The data
*** Block opens ***

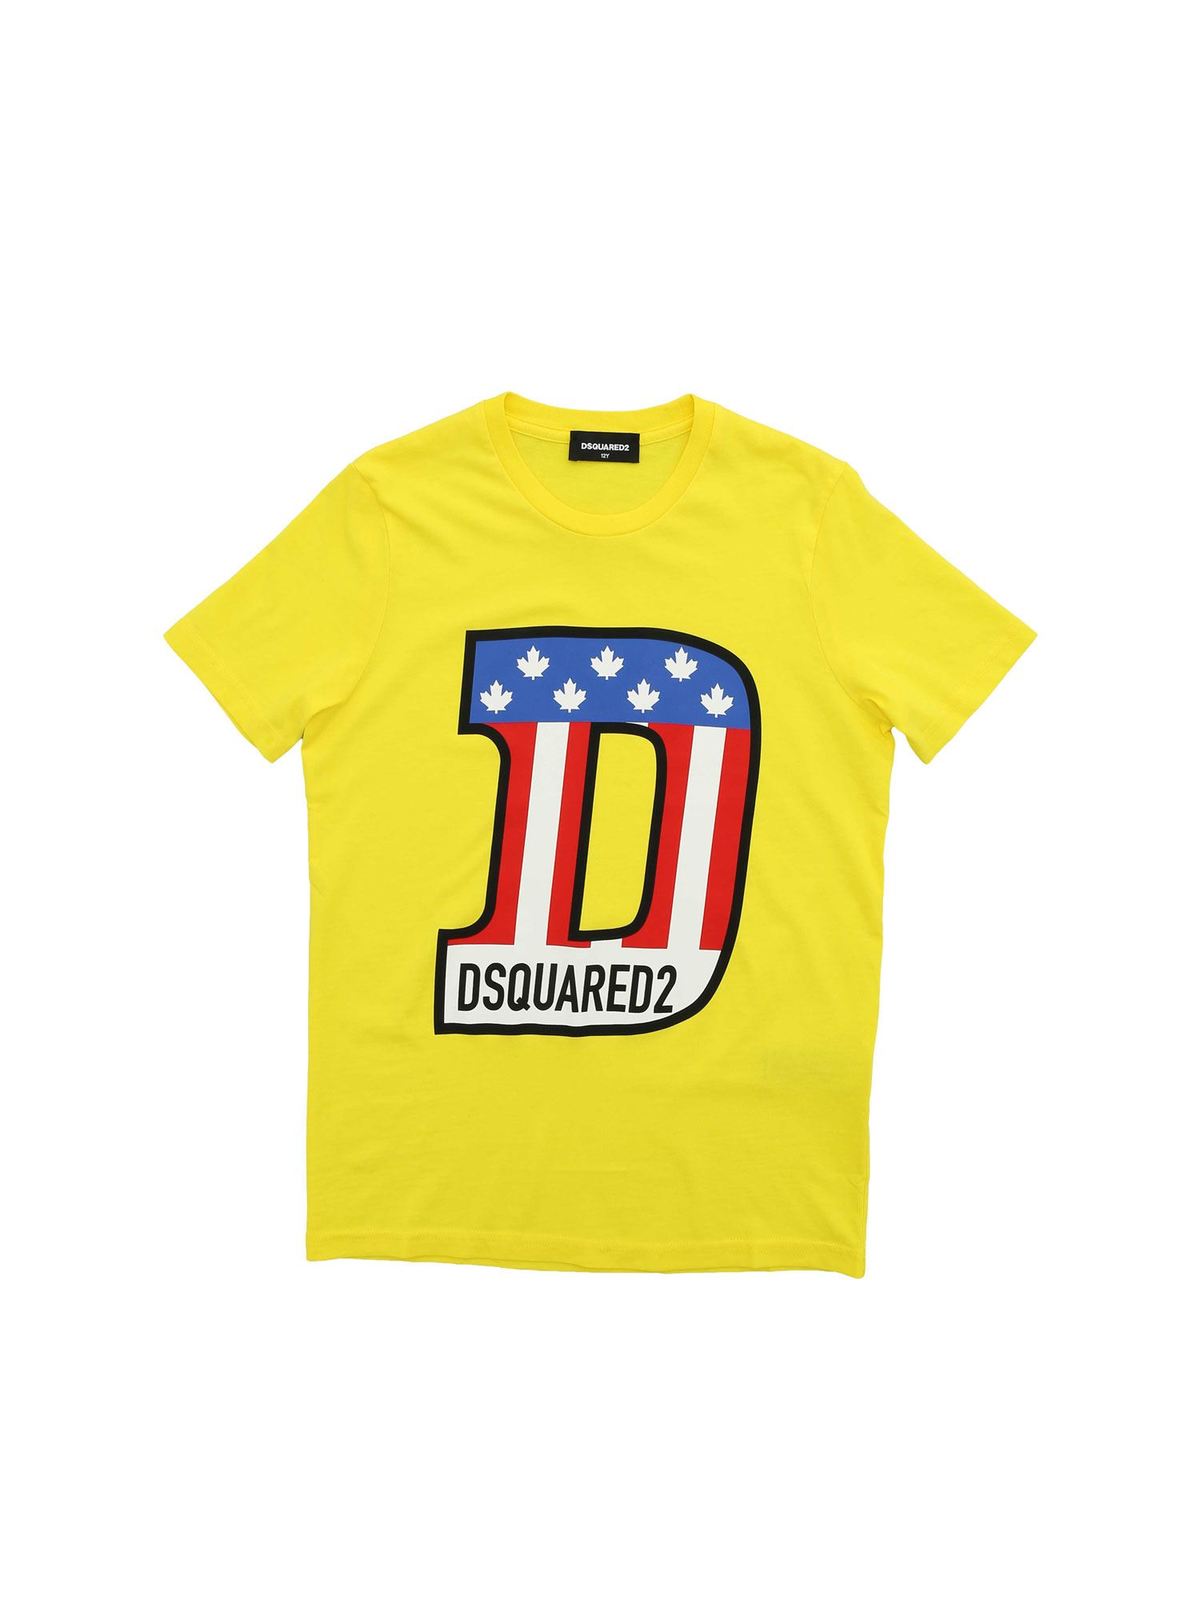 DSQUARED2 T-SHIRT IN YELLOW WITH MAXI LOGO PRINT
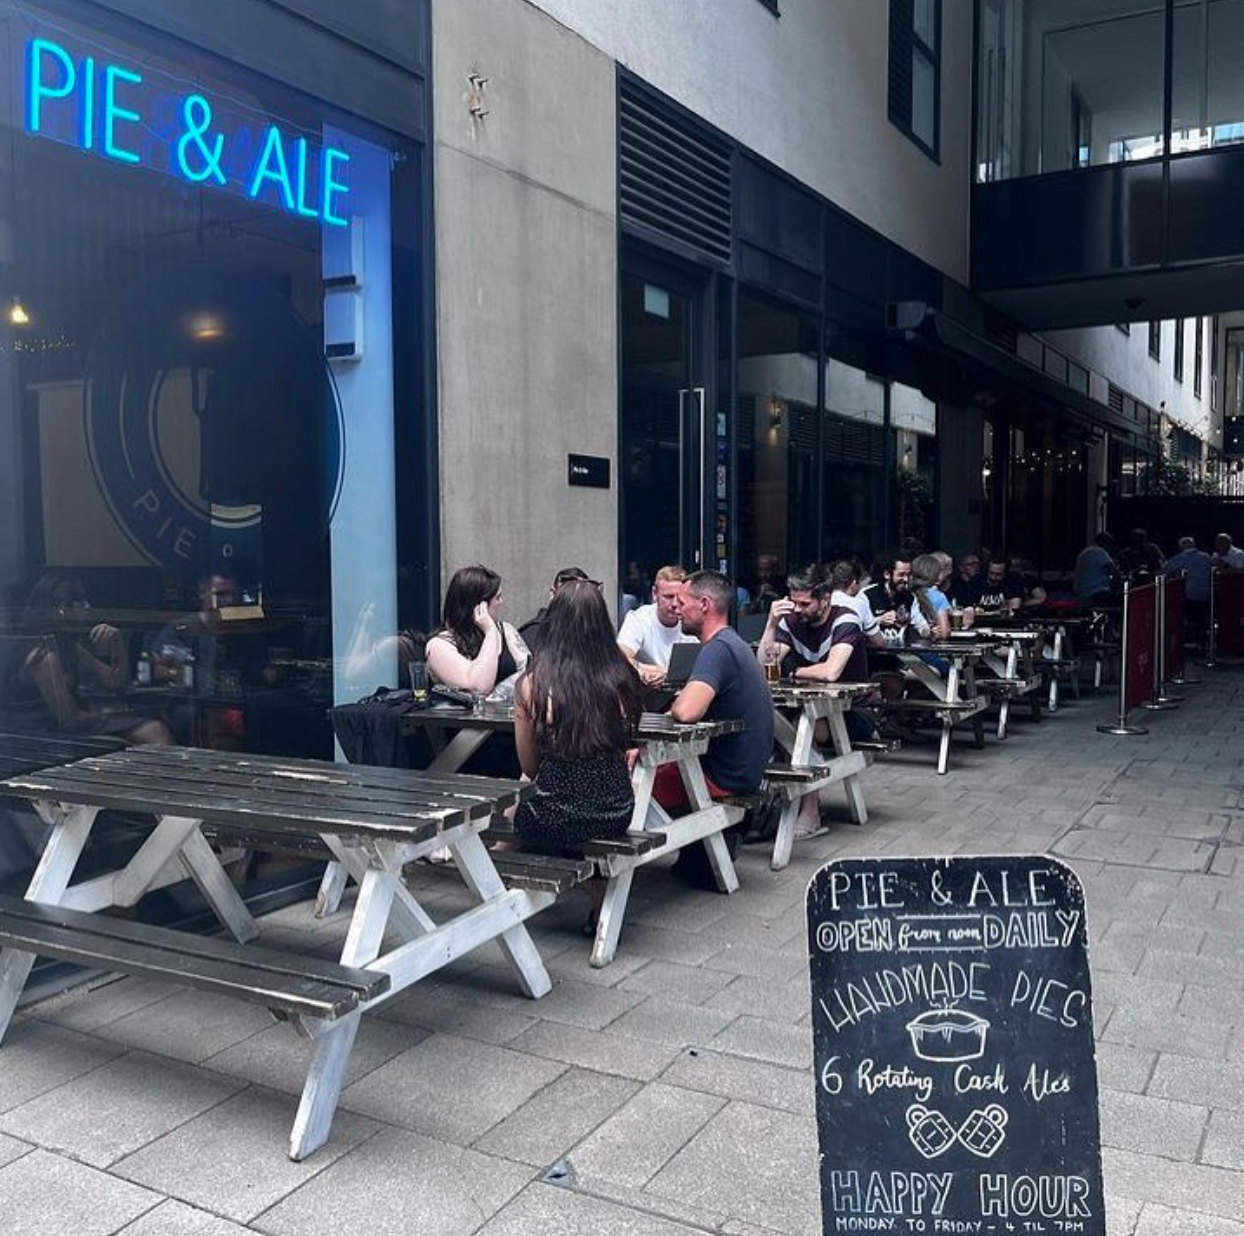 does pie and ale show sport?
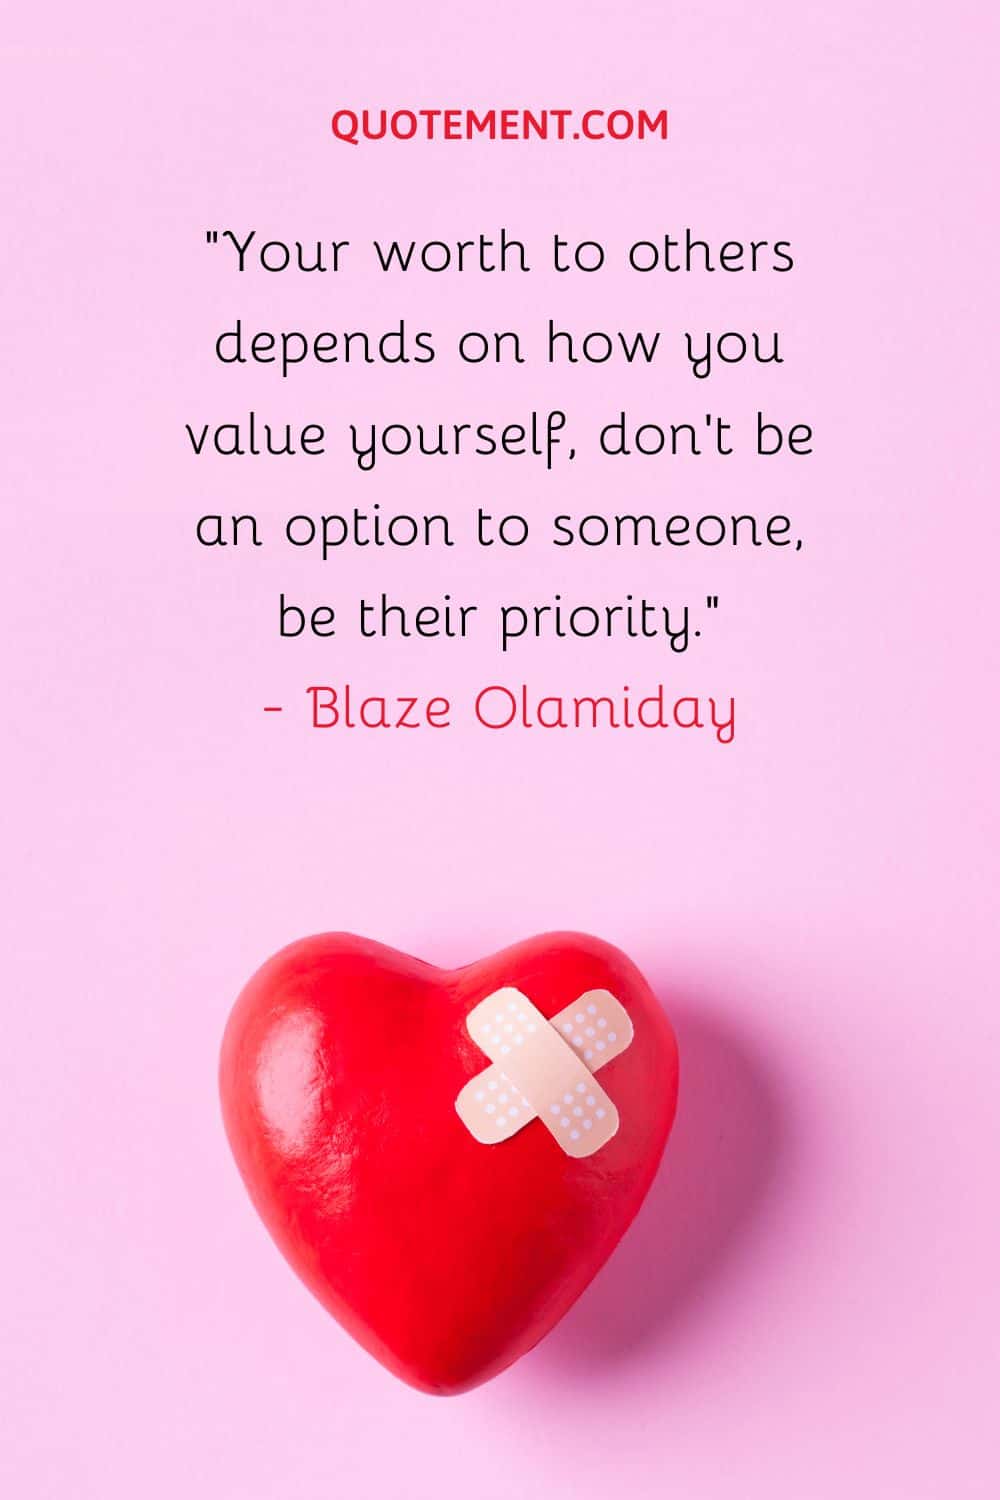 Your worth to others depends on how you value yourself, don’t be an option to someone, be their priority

*** Block closes ***

What the task asks
Please repeat all of the data exactly as it stands, leaving the pictures out.

Solution for this exercise
 DSQUARED2 T-SHIRT IN YELLOW WITH MAXI LOGO PRINT
 does pie and ale show sport?
 Your worth to others depends on how you value yourself, don’t be an option to someone, be their priority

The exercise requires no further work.